- TIER 1 — Volatility is predictable (the project's hardest finding): vol clustering IC +0.74 across 21/21 walk-forward windows; GBM vol forecast 4h-IC +0.84 (live in ml/forecast/); Master LGBM IC +0.81 with R² +11pp over HAR-RV, lookahead-checked; confirmed cross-asset (ETH +0.74, SOL +0.78 — not a BTC artifact).
- TIER 1 — BOCPD changepoints (IC +0.16, 21/21 windows, +27% forward vol after a fresh structural break; the only regime model that is both promoted AND running live), VRP (IC −0.28, 16/16 windows), and vol targeting (Calmar uplift +1.14 across 3/3 strategies tested — not yet wired into execution/).
- TIER 2 — The edge lives in the regime gate, not the entry trigger: a meta-pattern across all four trustworthy sweeps (PBO <0.20).
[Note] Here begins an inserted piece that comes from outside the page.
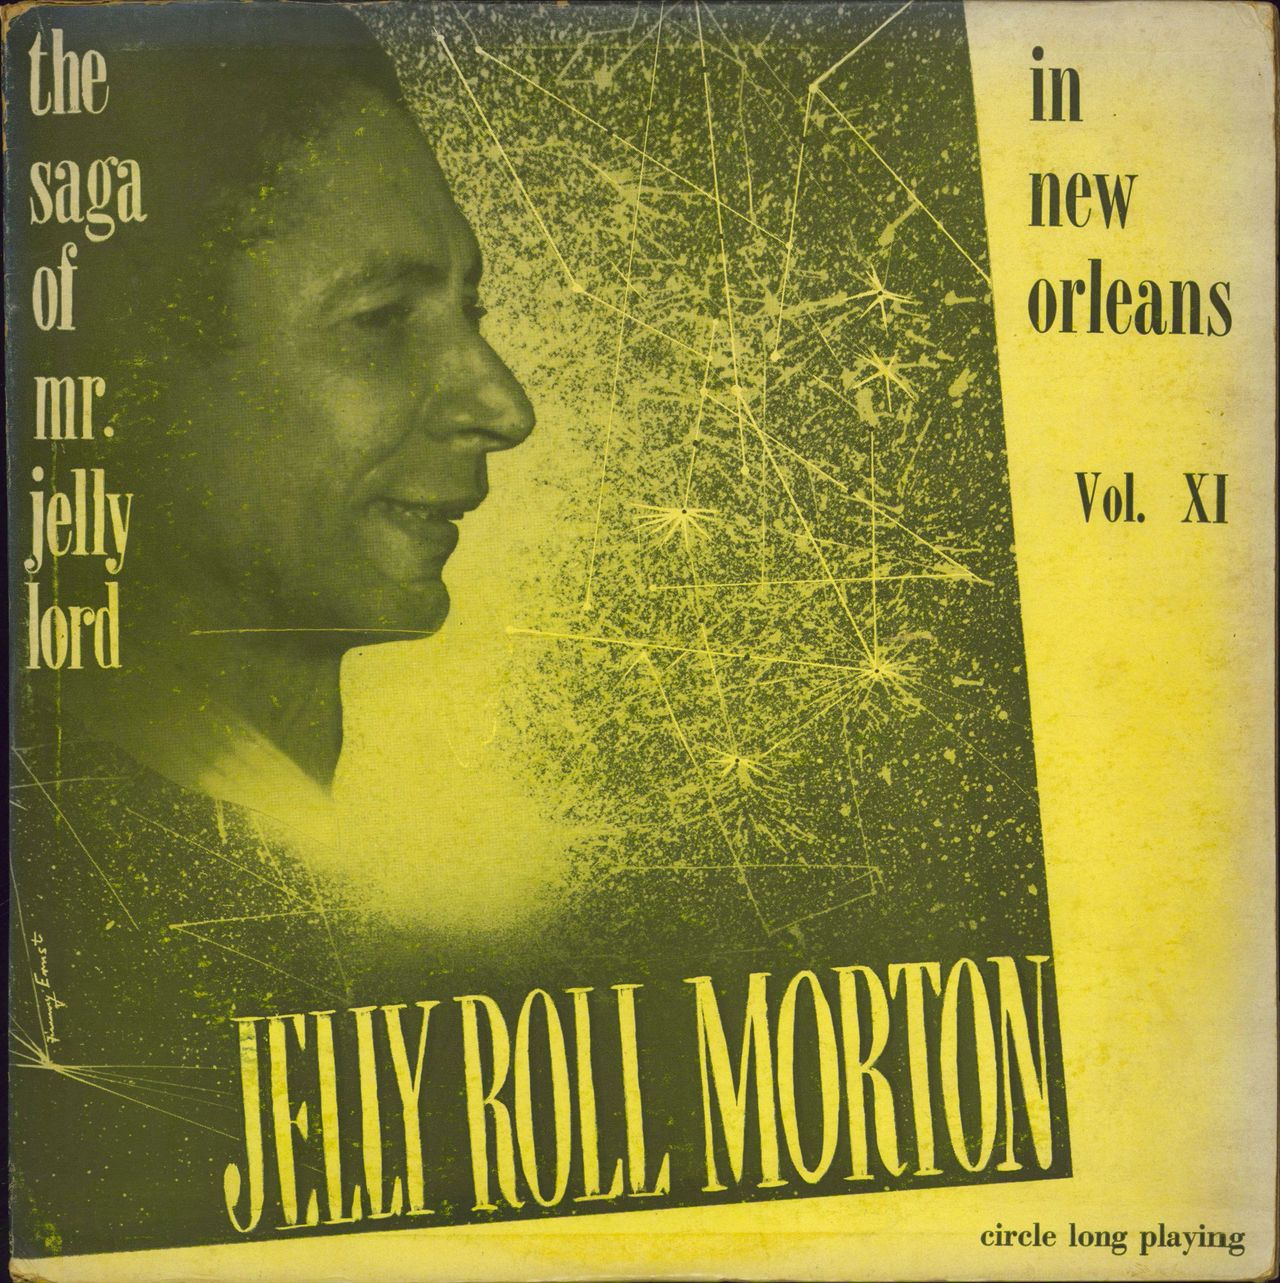 Jelly Roll Morton The Saga Of Mr. Jelly Lord - Vol. XI (In New Orleans) US vinyl LP album (LP record) L14011

Raw entries (ema, donchian, macd, funding) are broadly overfit as stand-alones (PBO 0.5–0.9); they survive OOS only when gated.
- TIER 2 — Timeframe law: the edge lives on 30m–1d; anything ≤15m overfits reliably (15m: 0/144 Phase-1 runs profitable; 5m trap: in-sample score 112 at MC prob_profit 0.0015).
- TIER 2 — Exits: for breakouts the adaptive stop beats the tight fixed stop. Stop-robustness sweep (18,410 runs): the 0.5% fixed 'winner' was regime luck (it only won 2024); ATR trailing 1x/3x + partial TP survives at PBO 0.164, prob_profit 0.93, profitable even in the 2022 bear. Signal-based exits (ema/macd cross) consistently do harm.
- TIER 2 — Two filters that passed the shuffle test: vrp_filter on Donchian (z=+2.53, +37.7% PnL) and bocpd_filter on bb_extreme (z>1.5, +7–17%). BUT: filter value is conditional — BOCPD hurts Donchian (−15%), and with an adaptive ATR exit even vrp_filter loses its OOS contribution (the stop-robustness winner does without it). Filter value depends on the exit; it is not absolute.
- TIER 3 — Donchian@4h family (donchian 20 + adx_rising + ATR trailing 1x/3x + partial TP): PBO 0.164, MC prob_profit 0.933, p50 +8.7%, risk-of-ruin ~0, profitable in the 2022 bear. IMPORTANT: only on 4h — on 1d Donchian is dead in a head-to-head comparison (16/56 OOS windows, finalists prob_profit 0.13–0.50).
- FORMERLY TIER 3, DOWNGRADED 2026-06-11 — ema_crossover@1d family: looked strong in the daily-trend sweep (33/56 OOS windows, wf_avg 8.69, MC prob_profit 0.974), but the follow-up sweep MS_20260610_050521 (pinned filters, free exit matrix, 45,494 P2 runs, identical training) does not reproduce it: PBO 0.77, best finalist wf_avg 0.53, pp 0.77, MC p5 negative. Not a deploy candidate. That leaves exactly TWO directional candidates: donchian@4h and outside_inside_day@4h.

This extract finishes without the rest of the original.